→ **Provided data**
========================================

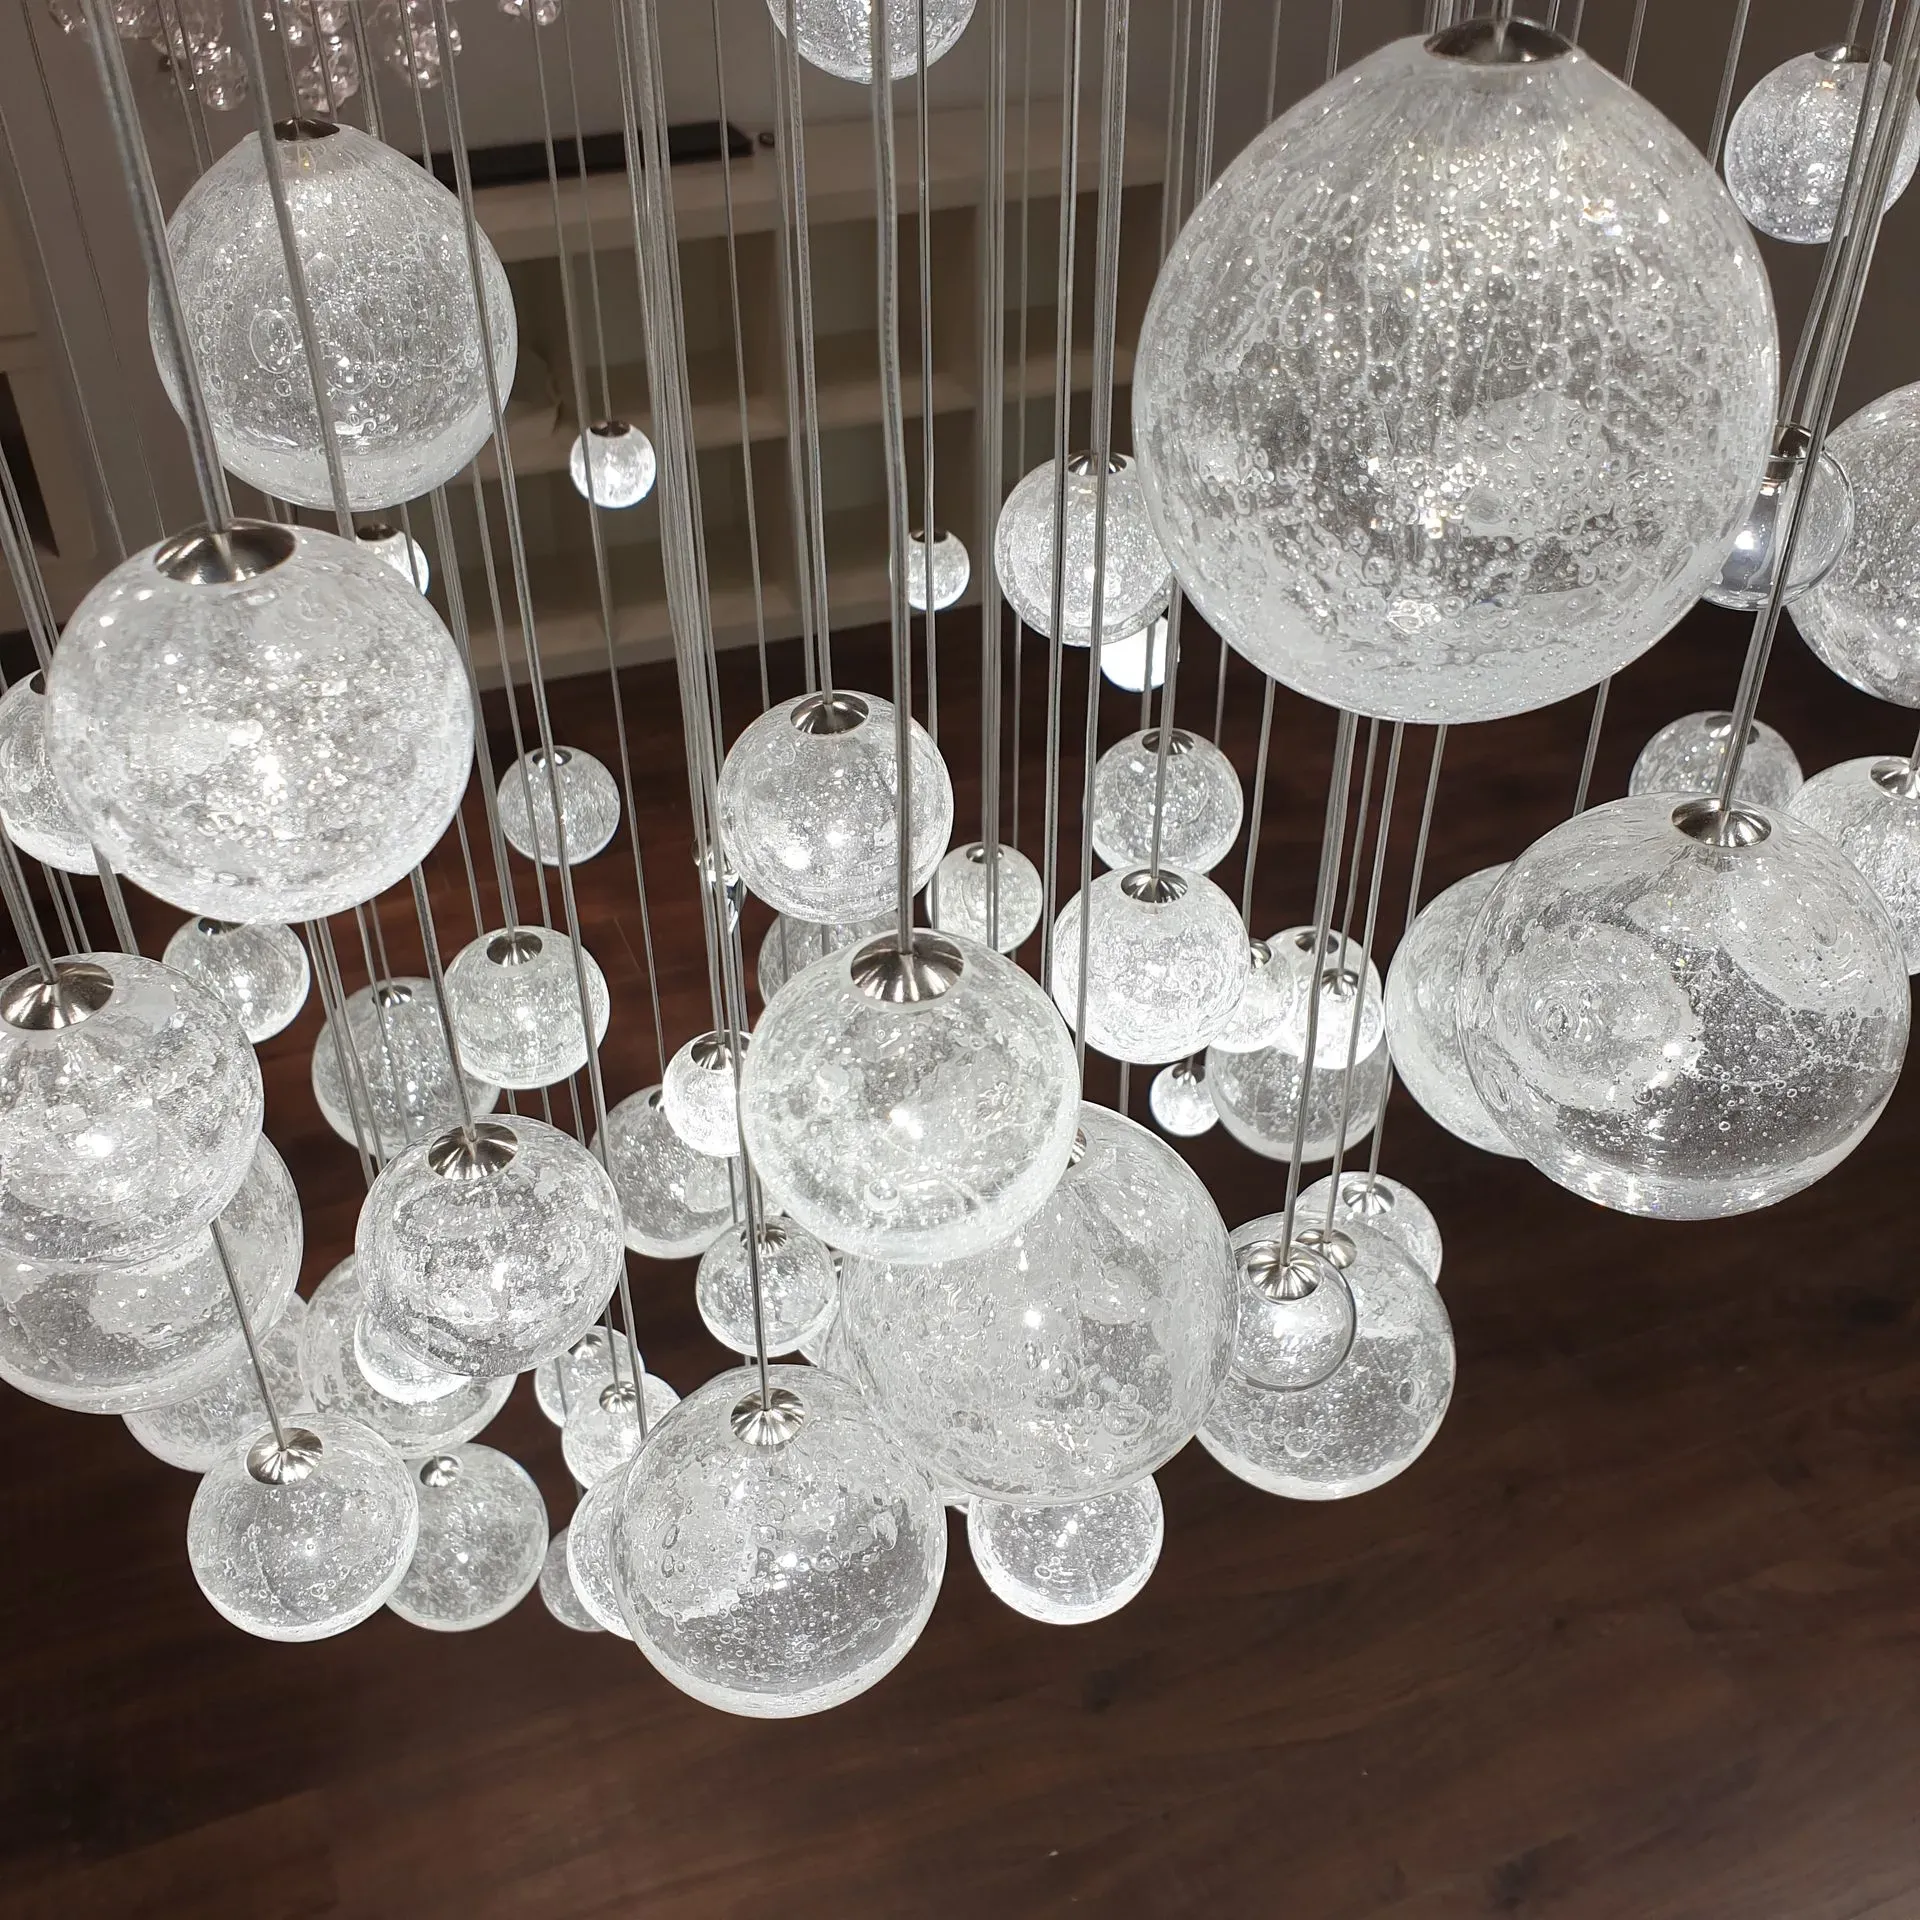 ELUDA modern design chandelier made of glass and LED modules for livingroom, bedroom, hotel large interior spaces. TOP view
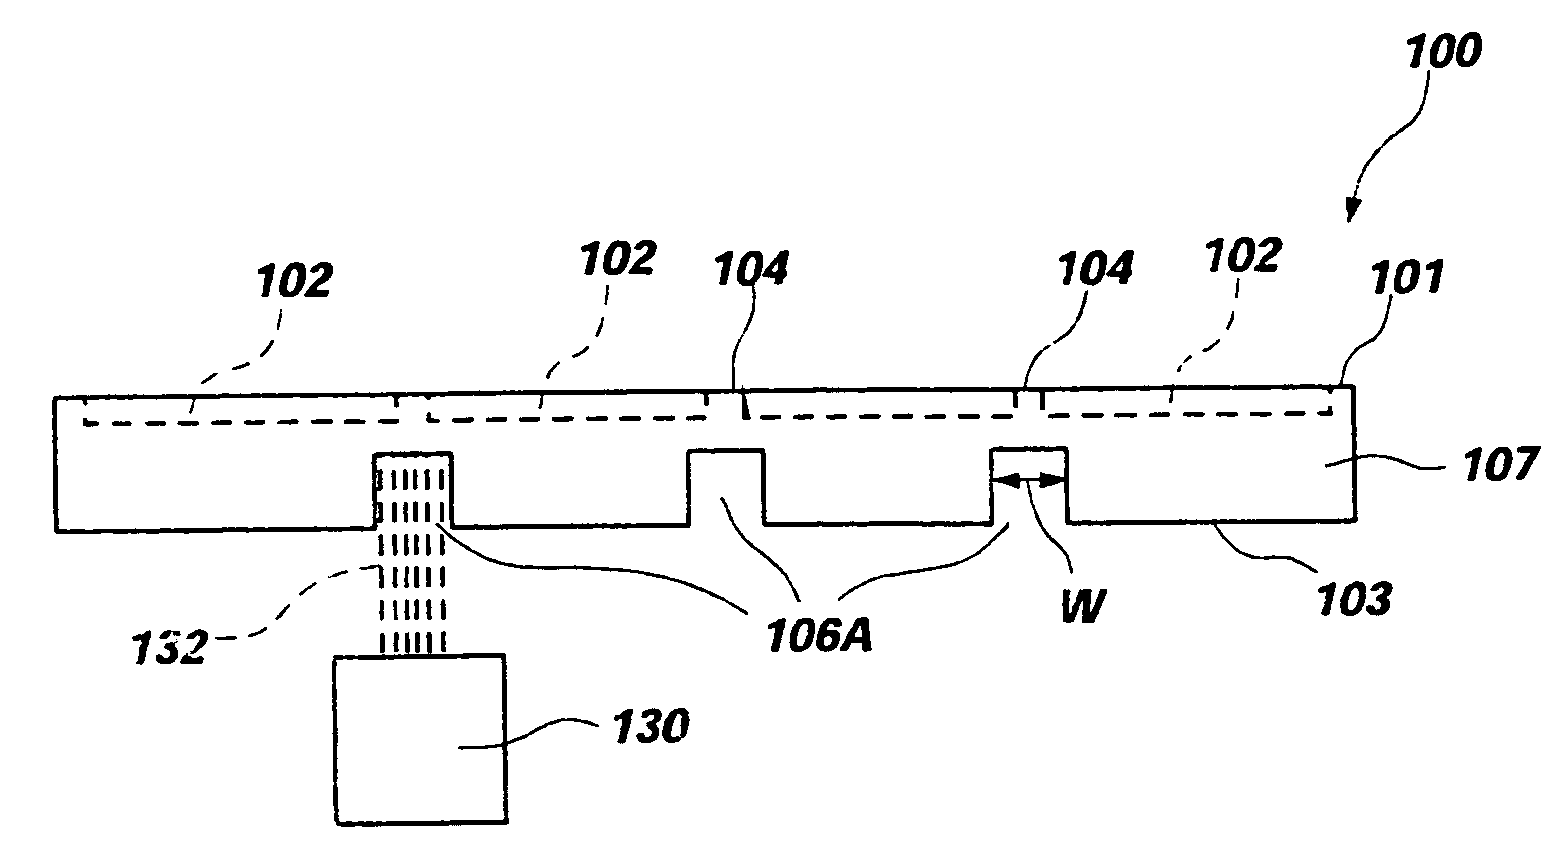 Methods relating to singulating semiconductor wafers and wafer scale assemblies
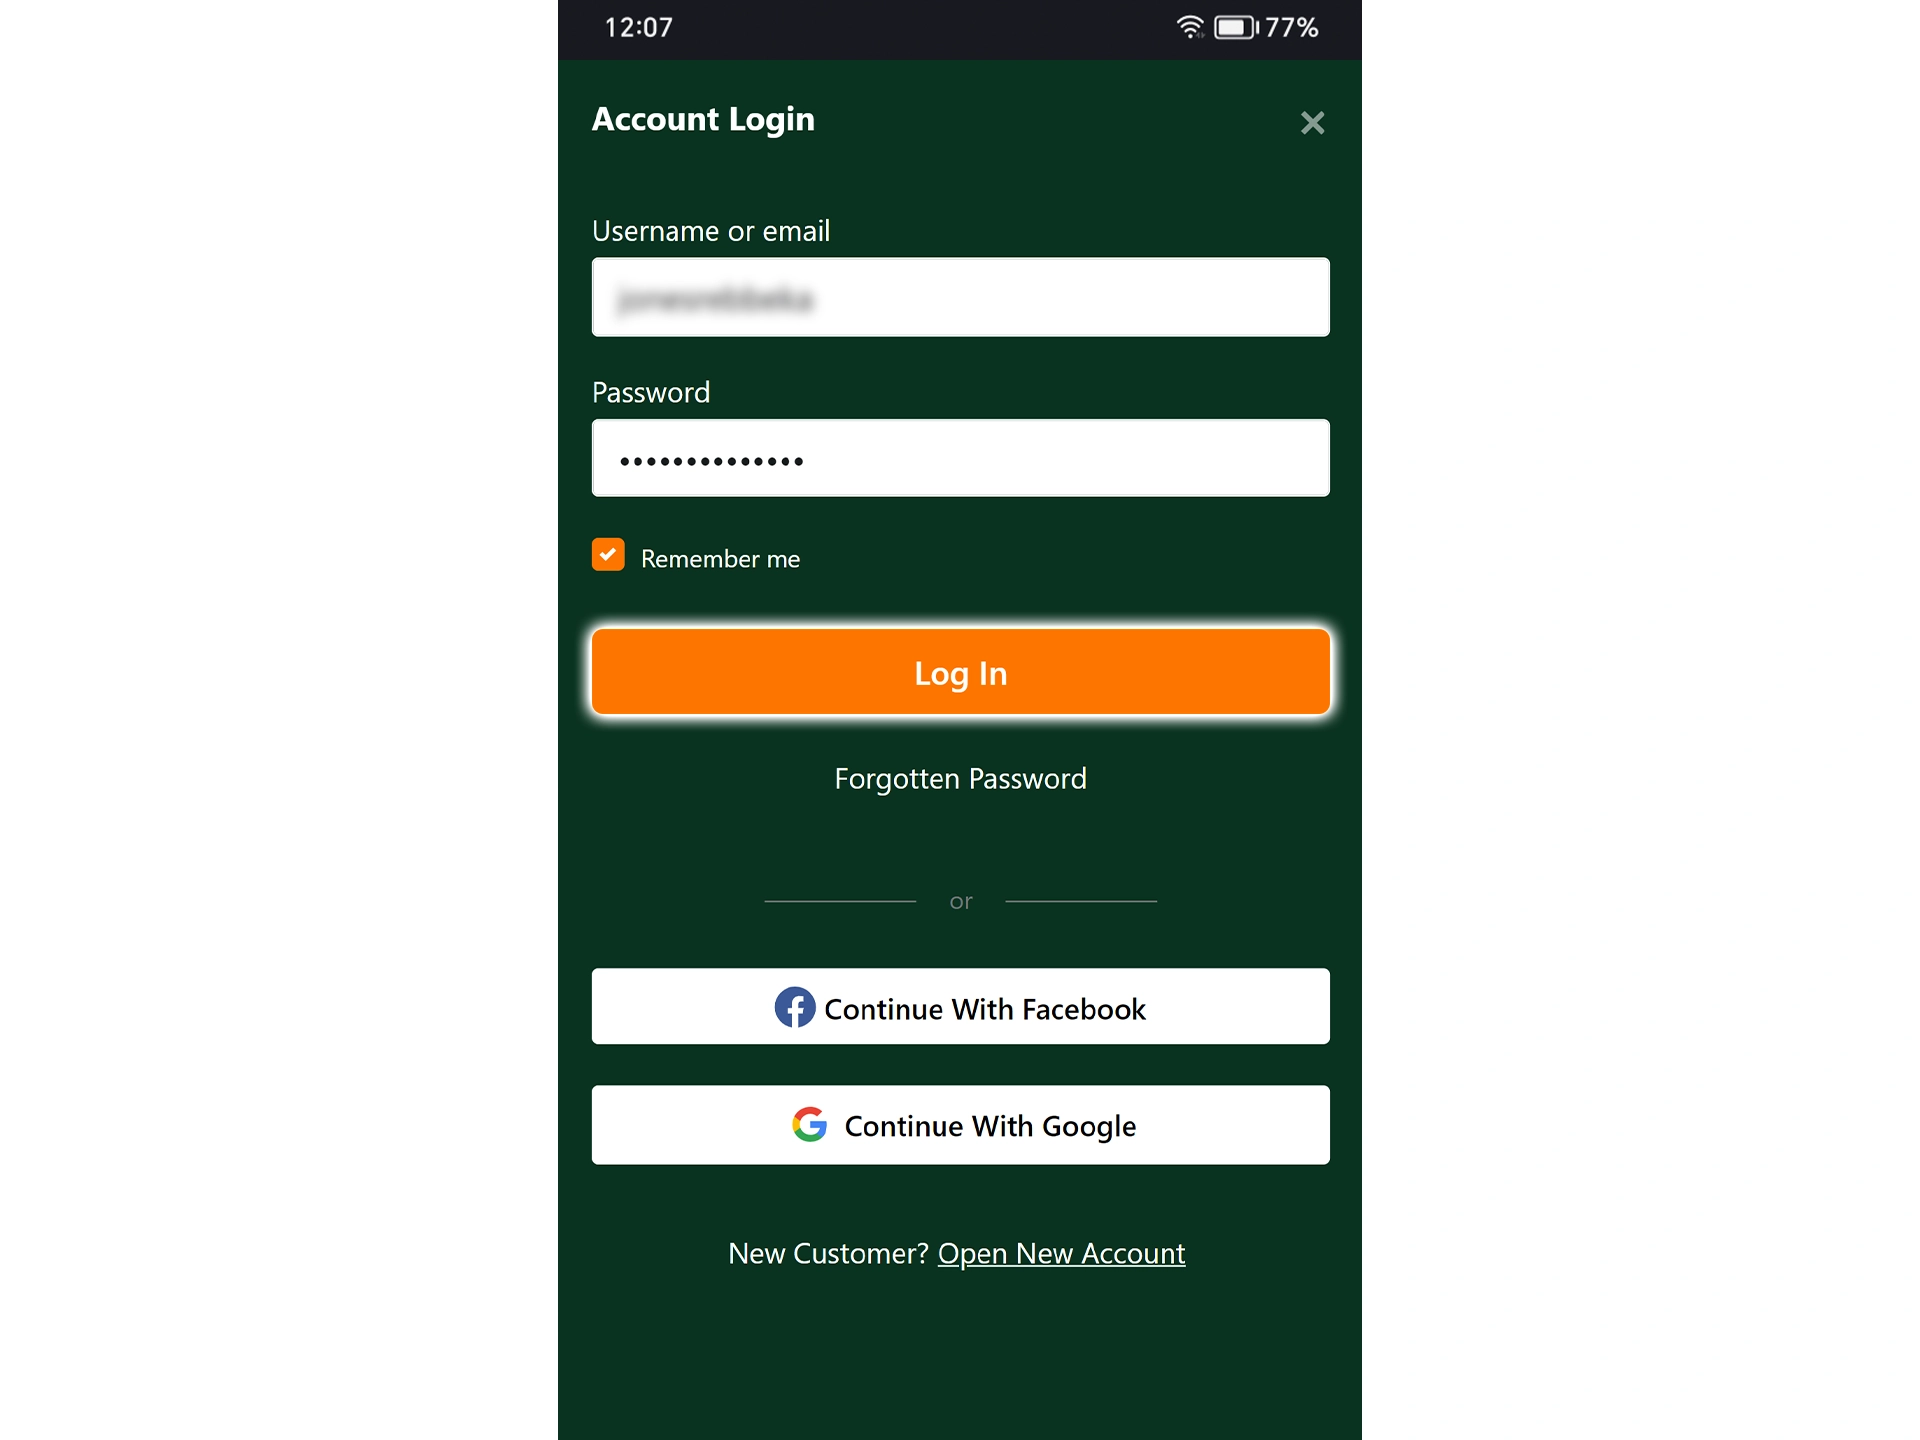 Launch the app and log in to your Cashalot.bet account.

========================================

→ **Work to be completed**
When you restate the listing, keep every word as it is and drop the pictures.

→ **Answer to this problem**
 ELUDA modern design chandelier made of glass and LED modules for livingroom, bedroom, hotel large interior spaces. TOP view
 Methods relating to singulating semiconductor wafers and wafer scale assemblies
 Launch the app and log in to your Cashalot.bet account.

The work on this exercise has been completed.